Mexico placed $7.5 billion in debt on Tuesday, becoming the country with the most debt circulating in international markets among those with a BBB rating, such as Italy, Peru, Cyprus, Hungary and Indonesia. The Ministry of Finance went to market on the first business day of the year, as has become customary in Mexico for ten years, to send a message of fiscal and economic strength, as well as to get ahead of the competition.

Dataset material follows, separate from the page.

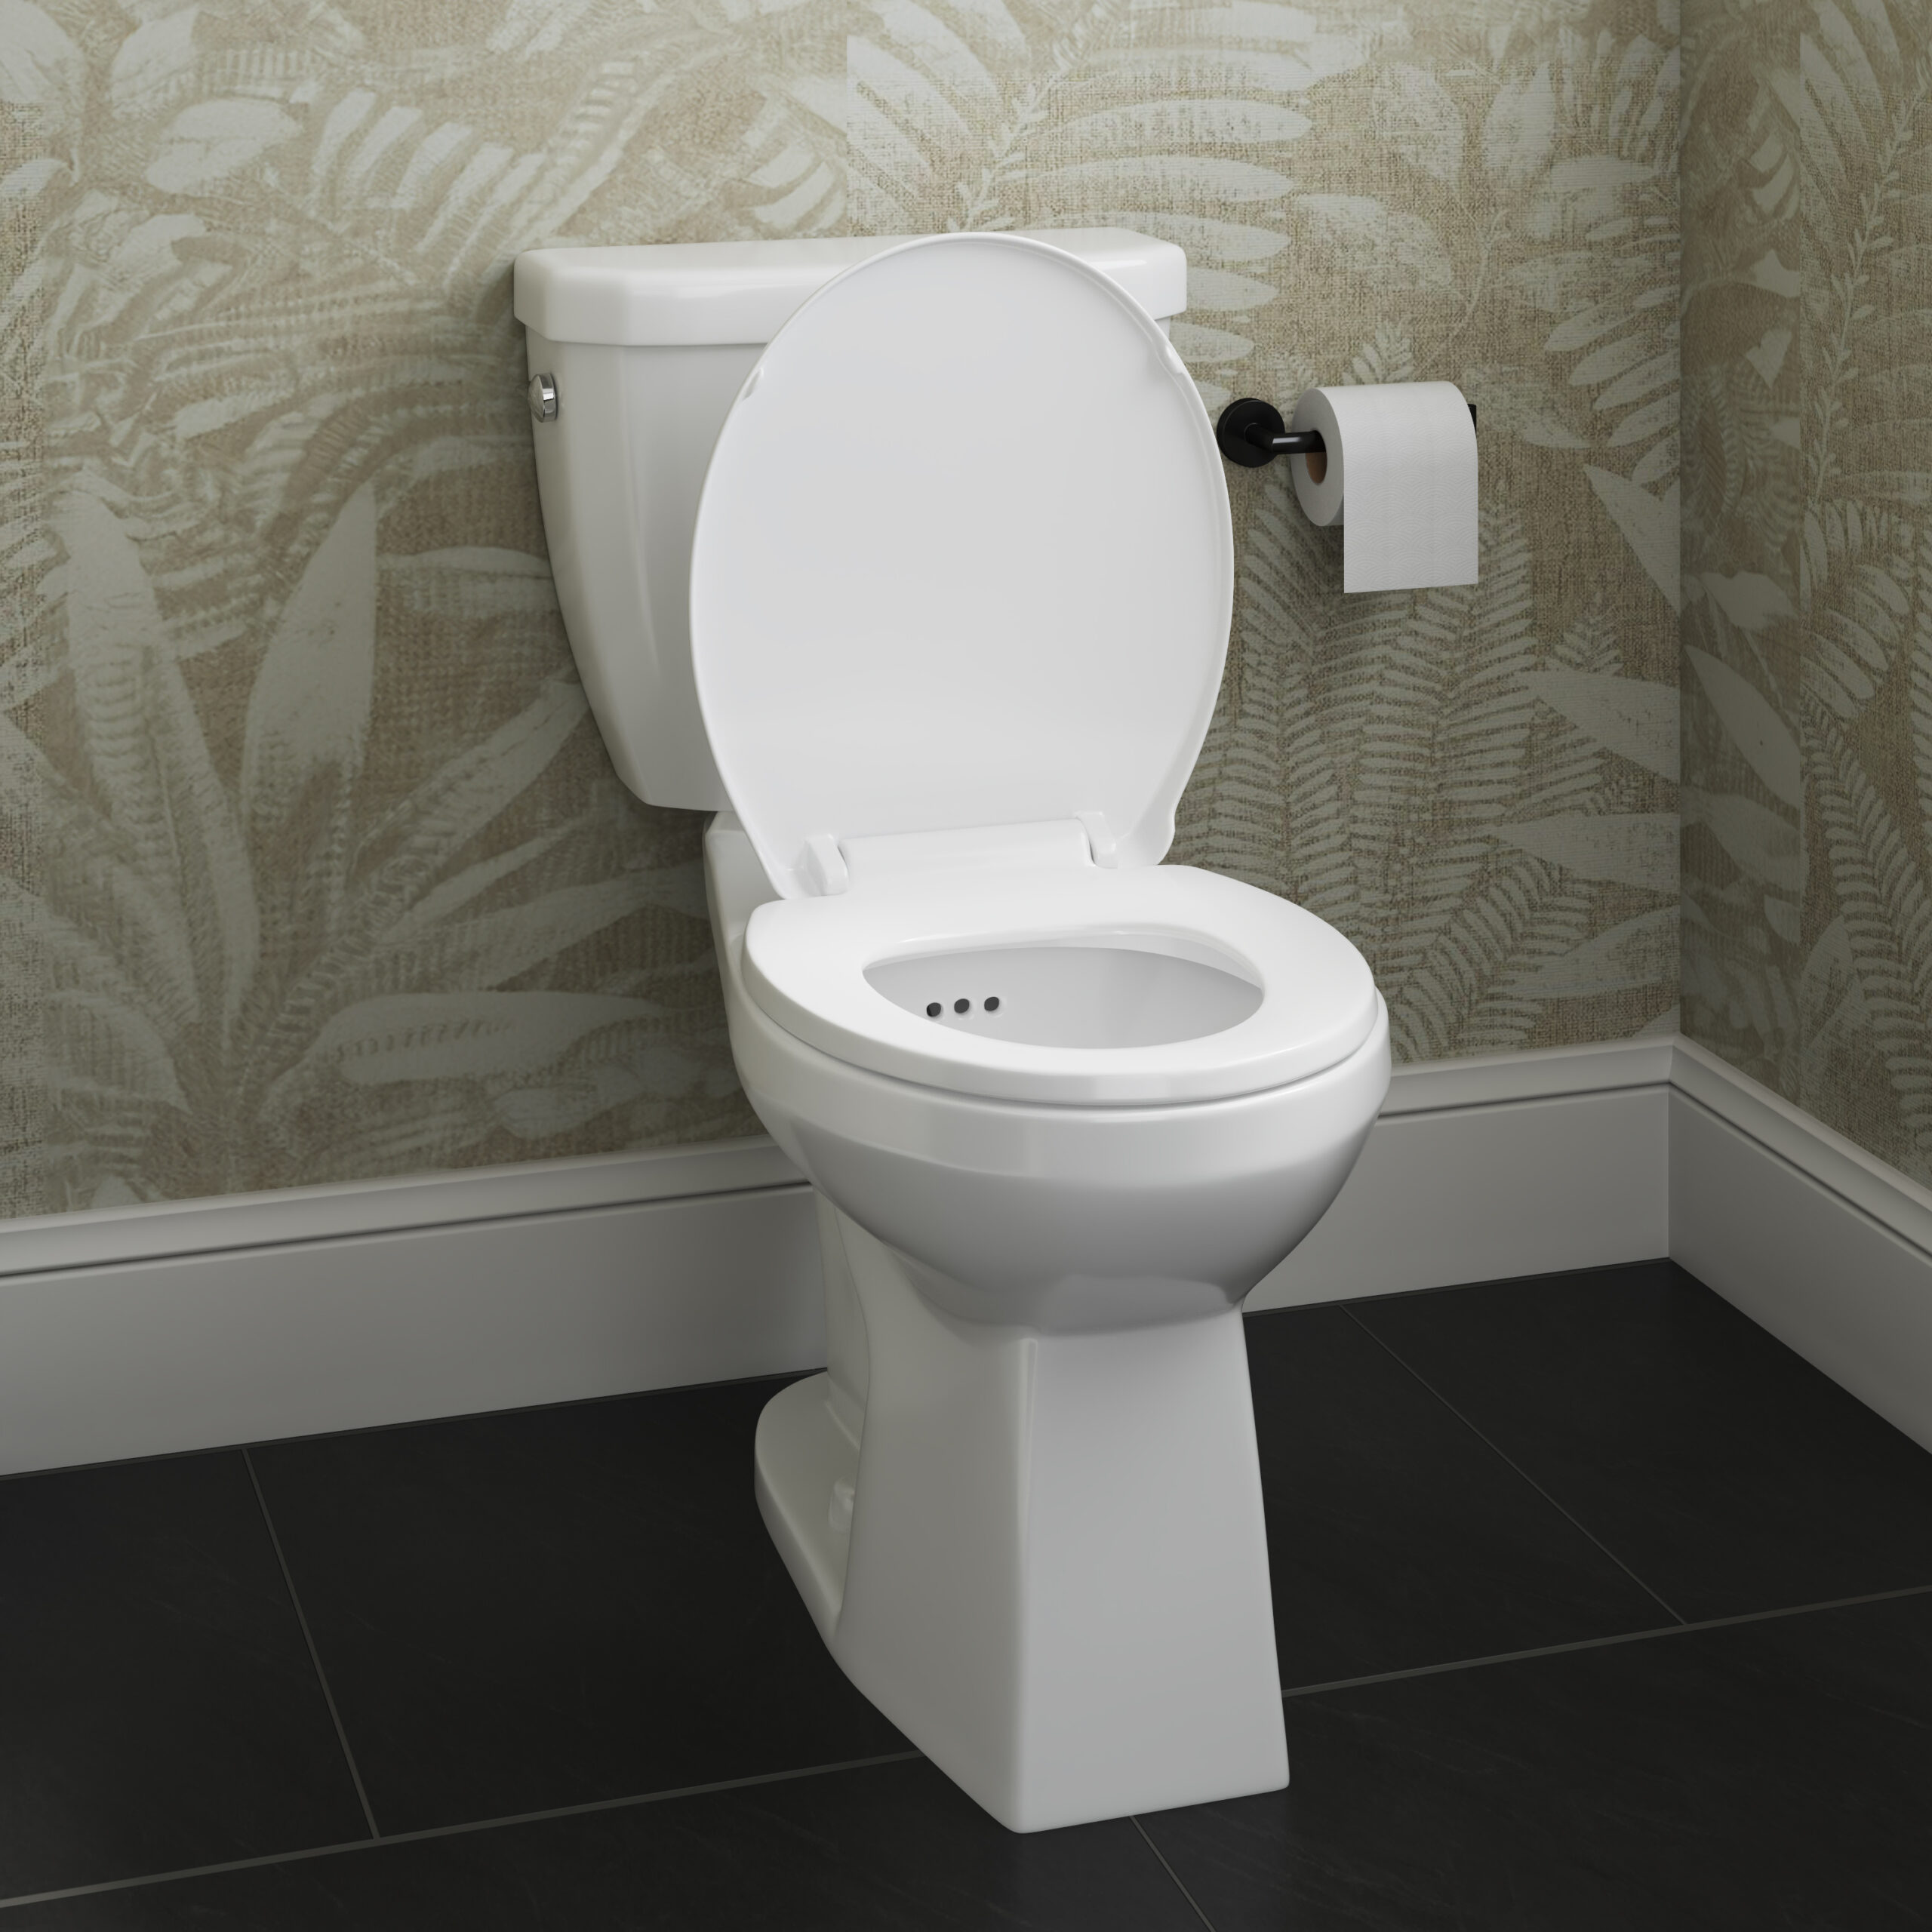 Keaton Flush Guard Toilet - 4740FGFXU - Closeup Angle View Room Scene

To measure the size of this month's overwhelming placement of sovereign paper, it is enough to compare figures. The $7.5 billion in this first week of the month exceeds the total amount of debt issued during the 12 months of recent years. It is more than the 5 million in 2016 and almost double the 4.8 in 2019. The sweet moment that the Mexican economy is experiencing is represented in a phrase that runs through the Wall Street trading floor: “Mexico is the darling of the markets.”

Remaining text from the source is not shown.